If so, I can suggest a pull request to allow both formats. What I don't know about the plugin is what kind of impact this might have on DateTimeRange.startDateTime/DateTimeRange.endDateTime other than it having seconds added to the time.Time object.
Unfortunately, taking seconds into consideration requires more effort than just modifying the for policy validation. As @silvestre mentioned, I guess if more people express interest in this improvement, we will consider picking it up and working on it.
I understand, changes need to be made in the policy validator to allow another date time format, but in the end it is stored as time.Time object. Therefore, to me it seems the time parsing needs to be a bit more lenient, but nothing else seems to need changing. Of course, I could be (very) wrong about that assumption.
I took the liberty to create the PR, so I still hope you would be so kind to have a look even though I understand the comments above.
Unfortunately, it's not that simple.

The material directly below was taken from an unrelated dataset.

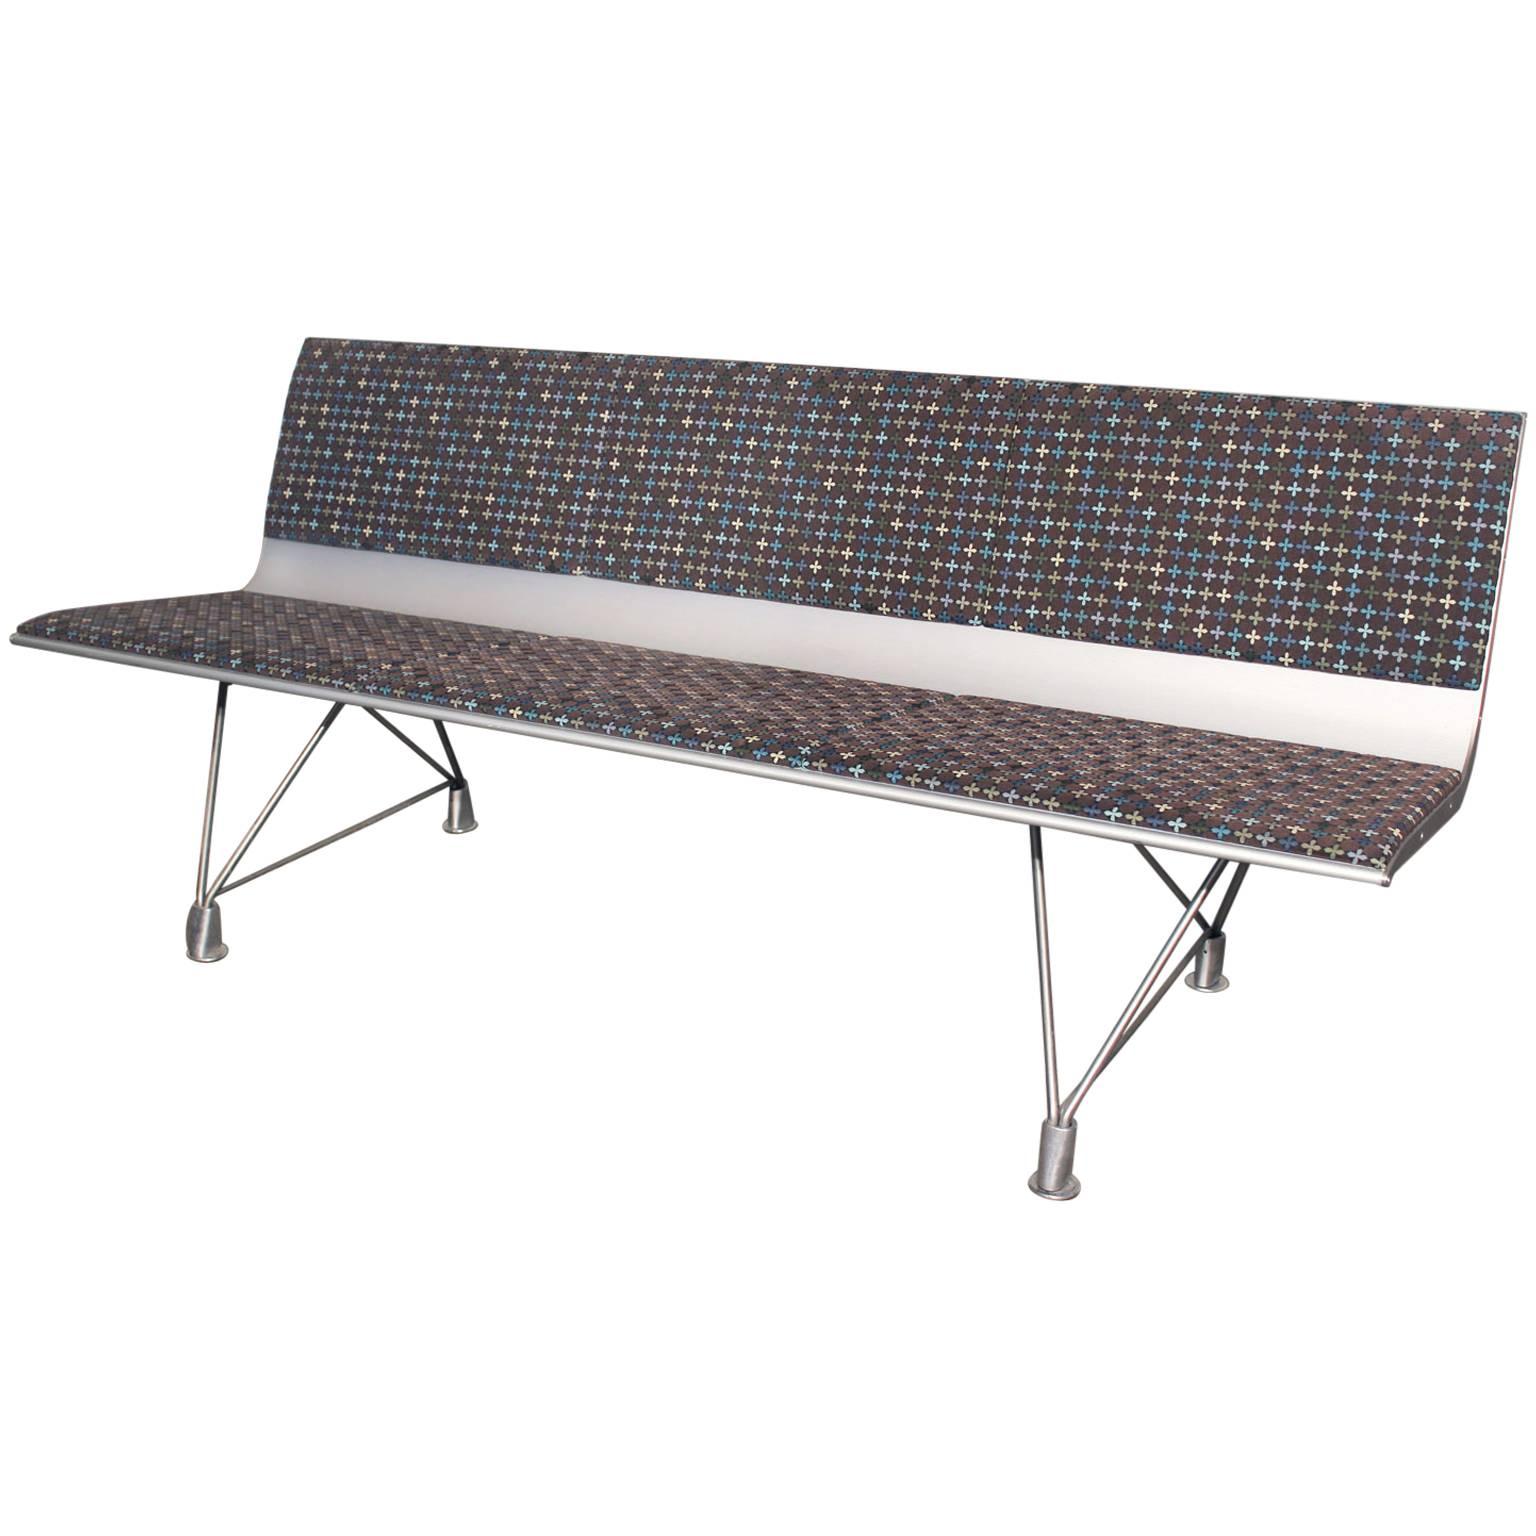 Aero Aluminum Bench from Davis Furniture by Lievore Altherr Molina and Sellex
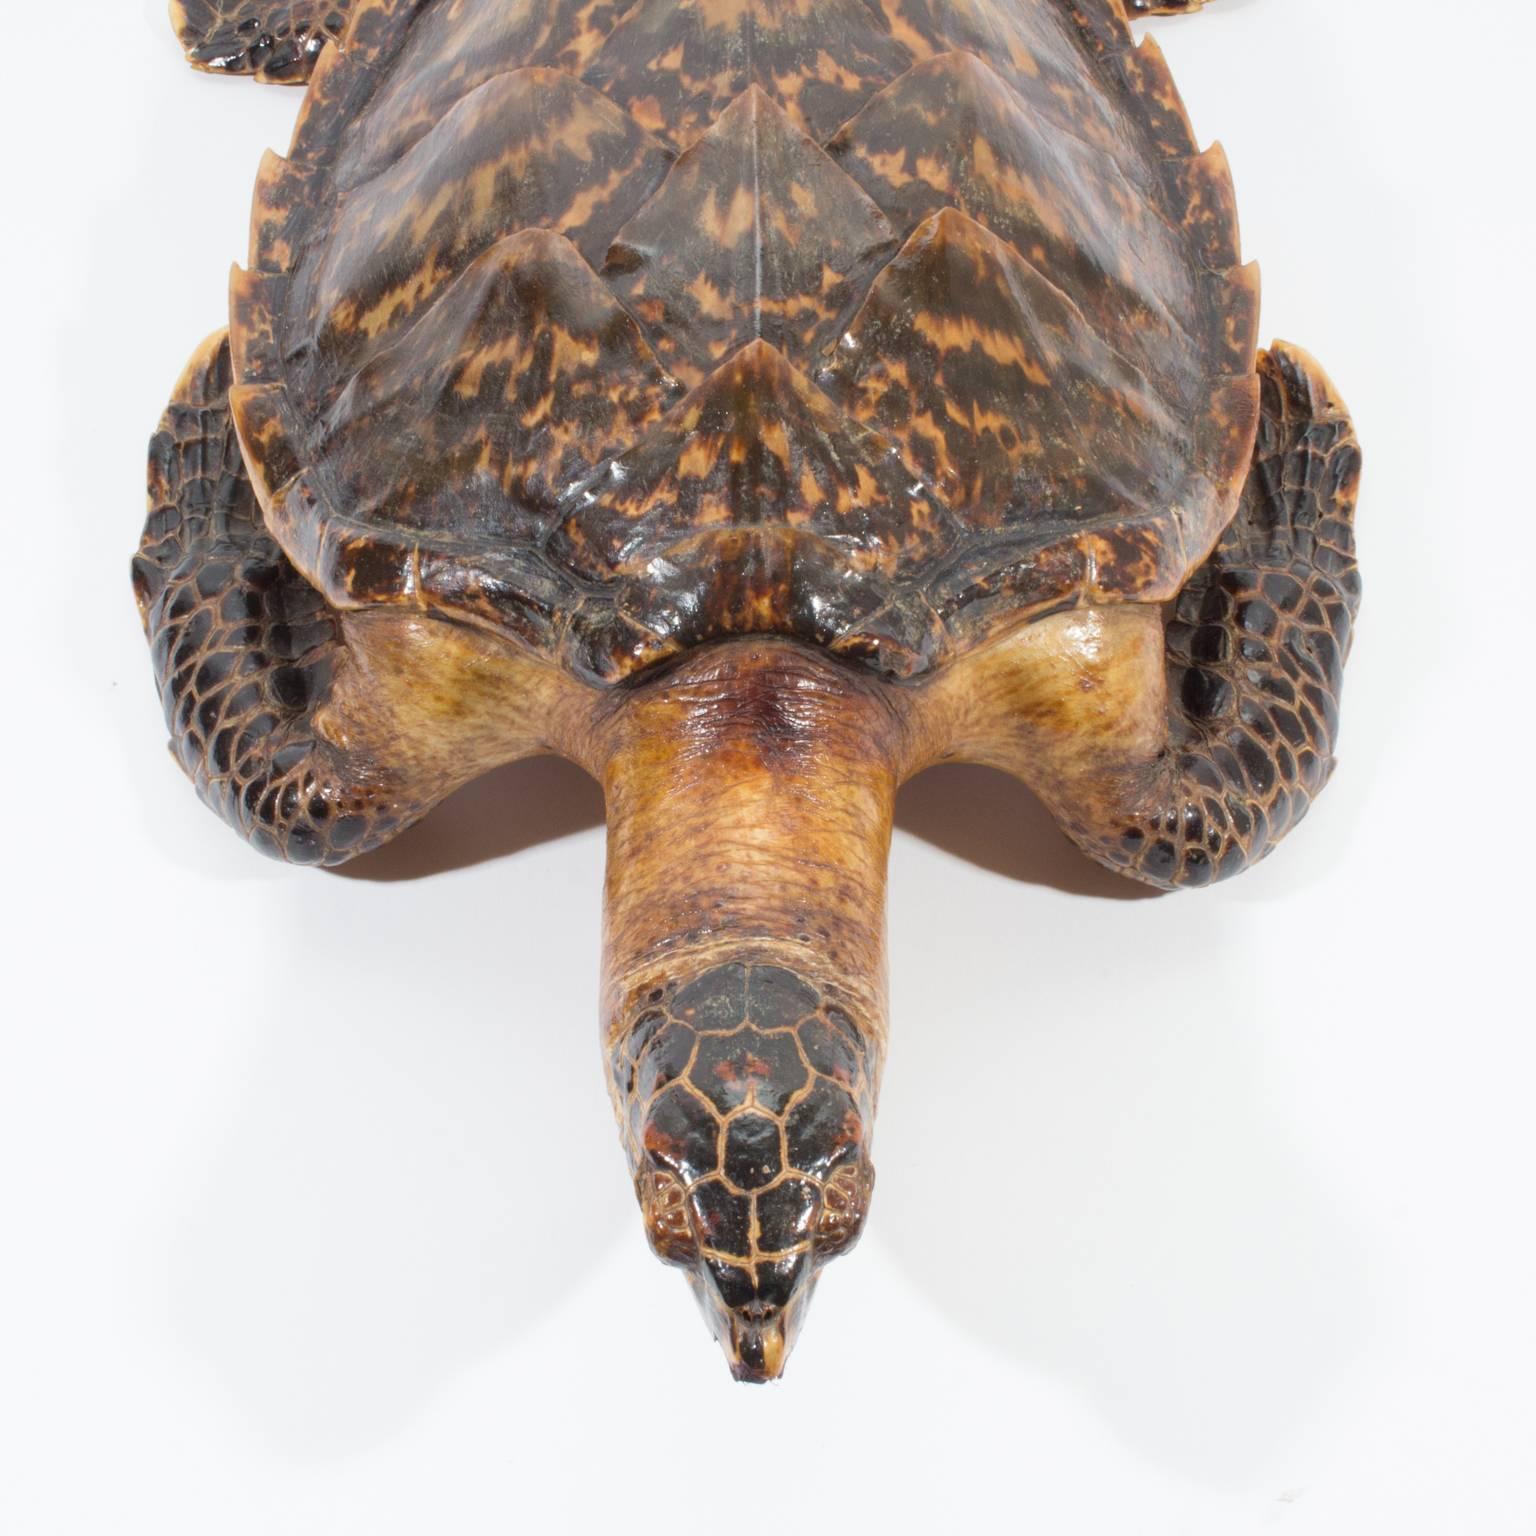 Tortoise Shell Antique Taxidermy Sea Turtle Tortoise Found in France

Here are just some examples so that you get a feeling:
-
https://github.com/cloudfoundry/app-autoscaler-release/blob/035a11cbbd35cdda519b48929af56579240b2003/src/scheduler/src/main/java/org/cloudfoundry/autoscaler/scheduler/util/ScheduleJobHelper.java#L117
-
https://github.com/cloudfoundry/app-autoscaler-release/blob/035a11cbbd35cdda519b48929af56579240b2003/src/scheduler/src/main/java/org/cloudfoundry/autoscaler/scheduler/util/DateHelper.java#L15
-
and of course tests need to be adjusted/added
-
allowing seconds to be added still comes the with the fact that miliseconds are not taken into account which we are not 100% sure how the system will behave in that case
Thanks for the information, I indeed missed that.